(What you are asked to do) Please report how many lines in the data below contain "with". Nothing besides the number should be written.

(Records for this task)
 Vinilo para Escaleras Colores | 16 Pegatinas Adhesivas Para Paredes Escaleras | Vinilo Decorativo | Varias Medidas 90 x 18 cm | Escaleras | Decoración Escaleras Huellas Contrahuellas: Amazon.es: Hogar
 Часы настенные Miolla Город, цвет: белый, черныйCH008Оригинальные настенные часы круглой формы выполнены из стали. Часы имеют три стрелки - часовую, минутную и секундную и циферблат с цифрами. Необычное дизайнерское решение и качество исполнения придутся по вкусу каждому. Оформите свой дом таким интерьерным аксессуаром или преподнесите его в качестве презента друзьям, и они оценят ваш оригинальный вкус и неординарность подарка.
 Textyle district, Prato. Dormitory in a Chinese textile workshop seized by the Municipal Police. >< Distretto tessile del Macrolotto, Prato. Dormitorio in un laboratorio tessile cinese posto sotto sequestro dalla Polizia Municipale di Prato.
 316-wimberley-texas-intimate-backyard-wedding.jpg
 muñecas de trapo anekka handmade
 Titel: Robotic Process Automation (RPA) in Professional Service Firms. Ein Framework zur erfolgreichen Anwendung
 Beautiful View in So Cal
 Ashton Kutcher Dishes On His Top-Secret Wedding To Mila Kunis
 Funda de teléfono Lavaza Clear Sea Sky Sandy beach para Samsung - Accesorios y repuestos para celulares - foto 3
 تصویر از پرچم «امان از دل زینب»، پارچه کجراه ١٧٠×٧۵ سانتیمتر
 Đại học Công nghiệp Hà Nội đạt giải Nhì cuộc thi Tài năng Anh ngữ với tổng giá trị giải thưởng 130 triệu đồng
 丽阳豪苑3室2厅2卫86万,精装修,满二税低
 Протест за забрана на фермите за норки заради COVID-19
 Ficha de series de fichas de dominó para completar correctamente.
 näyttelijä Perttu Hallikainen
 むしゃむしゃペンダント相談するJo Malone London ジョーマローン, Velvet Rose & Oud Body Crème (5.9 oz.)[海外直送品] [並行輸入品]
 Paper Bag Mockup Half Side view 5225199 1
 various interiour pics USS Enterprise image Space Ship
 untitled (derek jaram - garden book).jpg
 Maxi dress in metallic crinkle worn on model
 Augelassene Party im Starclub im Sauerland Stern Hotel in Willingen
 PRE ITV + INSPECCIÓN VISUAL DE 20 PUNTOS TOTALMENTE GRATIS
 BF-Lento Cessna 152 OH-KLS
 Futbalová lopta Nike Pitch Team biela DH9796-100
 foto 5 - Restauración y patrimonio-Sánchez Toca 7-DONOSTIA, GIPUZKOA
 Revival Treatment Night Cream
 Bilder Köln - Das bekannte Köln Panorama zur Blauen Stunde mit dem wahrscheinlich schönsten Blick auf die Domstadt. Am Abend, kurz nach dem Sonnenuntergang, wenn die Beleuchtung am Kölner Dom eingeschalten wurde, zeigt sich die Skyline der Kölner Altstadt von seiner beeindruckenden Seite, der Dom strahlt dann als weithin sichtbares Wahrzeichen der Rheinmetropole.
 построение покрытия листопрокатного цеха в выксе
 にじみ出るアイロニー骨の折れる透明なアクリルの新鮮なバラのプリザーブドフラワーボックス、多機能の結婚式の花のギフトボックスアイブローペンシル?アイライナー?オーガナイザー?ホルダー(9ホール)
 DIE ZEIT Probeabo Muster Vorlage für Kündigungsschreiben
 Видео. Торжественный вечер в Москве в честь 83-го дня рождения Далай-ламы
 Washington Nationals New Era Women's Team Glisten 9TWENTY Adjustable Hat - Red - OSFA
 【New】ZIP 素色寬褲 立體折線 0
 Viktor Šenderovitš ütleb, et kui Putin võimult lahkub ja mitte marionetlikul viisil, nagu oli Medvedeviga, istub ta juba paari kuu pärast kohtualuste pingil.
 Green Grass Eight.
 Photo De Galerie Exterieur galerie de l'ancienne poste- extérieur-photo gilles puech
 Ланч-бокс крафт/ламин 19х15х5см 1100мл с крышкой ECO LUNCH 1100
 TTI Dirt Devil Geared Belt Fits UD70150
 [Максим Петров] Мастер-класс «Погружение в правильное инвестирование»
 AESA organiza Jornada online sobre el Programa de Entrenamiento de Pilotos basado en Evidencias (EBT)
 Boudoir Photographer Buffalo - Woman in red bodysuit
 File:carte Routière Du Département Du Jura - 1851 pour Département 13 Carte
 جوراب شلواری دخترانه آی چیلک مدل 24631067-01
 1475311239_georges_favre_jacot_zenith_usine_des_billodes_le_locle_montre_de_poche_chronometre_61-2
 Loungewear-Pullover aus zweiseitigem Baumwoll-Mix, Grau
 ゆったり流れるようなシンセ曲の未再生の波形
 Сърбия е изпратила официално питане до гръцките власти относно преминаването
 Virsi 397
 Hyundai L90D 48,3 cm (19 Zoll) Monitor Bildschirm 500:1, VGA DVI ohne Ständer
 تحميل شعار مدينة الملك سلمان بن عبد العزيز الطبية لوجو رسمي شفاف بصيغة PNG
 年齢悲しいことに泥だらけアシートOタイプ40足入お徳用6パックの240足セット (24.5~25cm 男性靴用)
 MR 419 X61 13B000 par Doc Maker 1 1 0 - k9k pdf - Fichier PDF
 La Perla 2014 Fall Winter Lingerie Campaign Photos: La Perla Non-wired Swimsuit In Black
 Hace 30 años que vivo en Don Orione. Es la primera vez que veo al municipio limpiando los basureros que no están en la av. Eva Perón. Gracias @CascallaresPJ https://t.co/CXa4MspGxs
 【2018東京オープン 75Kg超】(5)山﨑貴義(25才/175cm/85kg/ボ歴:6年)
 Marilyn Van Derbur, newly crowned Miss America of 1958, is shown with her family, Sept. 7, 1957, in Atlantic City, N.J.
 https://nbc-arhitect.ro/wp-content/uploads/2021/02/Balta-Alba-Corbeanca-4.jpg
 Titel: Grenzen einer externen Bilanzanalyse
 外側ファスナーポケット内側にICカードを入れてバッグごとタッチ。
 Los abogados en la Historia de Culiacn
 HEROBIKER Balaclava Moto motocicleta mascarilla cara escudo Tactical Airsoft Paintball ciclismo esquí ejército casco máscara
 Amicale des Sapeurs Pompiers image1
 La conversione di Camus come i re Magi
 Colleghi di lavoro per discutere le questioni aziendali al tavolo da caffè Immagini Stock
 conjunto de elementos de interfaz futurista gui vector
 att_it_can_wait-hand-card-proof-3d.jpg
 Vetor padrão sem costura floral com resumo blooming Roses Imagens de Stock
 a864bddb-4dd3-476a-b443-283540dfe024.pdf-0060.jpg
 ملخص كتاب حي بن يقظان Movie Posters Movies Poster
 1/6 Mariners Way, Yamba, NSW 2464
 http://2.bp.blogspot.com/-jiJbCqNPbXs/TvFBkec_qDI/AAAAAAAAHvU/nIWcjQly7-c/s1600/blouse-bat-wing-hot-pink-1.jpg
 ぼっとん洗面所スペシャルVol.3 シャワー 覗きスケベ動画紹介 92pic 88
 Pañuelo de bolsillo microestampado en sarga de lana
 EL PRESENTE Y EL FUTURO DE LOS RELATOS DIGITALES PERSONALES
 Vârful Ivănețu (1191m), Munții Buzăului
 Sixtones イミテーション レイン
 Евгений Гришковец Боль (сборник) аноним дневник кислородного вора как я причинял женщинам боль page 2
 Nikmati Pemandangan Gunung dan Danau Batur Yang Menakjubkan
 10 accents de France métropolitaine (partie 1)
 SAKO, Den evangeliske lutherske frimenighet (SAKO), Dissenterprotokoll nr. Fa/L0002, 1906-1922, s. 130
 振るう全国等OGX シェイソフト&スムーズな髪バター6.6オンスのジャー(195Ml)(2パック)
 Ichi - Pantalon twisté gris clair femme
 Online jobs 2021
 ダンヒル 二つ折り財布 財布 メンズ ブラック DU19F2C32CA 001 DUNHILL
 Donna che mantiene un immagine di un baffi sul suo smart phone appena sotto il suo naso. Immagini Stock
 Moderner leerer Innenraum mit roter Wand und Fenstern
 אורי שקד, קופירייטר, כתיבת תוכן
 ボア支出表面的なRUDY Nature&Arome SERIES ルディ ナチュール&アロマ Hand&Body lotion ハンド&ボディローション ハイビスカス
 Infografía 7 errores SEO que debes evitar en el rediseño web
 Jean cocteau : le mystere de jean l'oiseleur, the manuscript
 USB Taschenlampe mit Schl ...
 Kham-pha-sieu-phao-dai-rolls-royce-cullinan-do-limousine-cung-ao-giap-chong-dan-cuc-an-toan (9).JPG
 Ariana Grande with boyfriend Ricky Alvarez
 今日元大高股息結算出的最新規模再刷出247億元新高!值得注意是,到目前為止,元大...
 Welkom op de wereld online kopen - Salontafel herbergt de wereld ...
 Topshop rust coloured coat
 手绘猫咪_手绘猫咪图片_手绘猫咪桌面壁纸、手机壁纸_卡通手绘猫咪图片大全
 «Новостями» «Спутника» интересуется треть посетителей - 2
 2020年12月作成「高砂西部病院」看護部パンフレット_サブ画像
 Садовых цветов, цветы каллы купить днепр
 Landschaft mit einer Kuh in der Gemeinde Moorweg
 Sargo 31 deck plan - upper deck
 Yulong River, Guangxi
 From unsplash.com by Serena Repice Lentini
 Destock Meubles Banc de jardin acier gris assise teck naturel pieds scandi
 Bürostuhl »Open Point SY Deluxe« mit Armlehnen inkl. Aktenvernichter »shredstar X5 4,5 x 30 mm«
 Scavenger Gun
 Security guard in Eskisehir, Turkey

(Exercise response) 2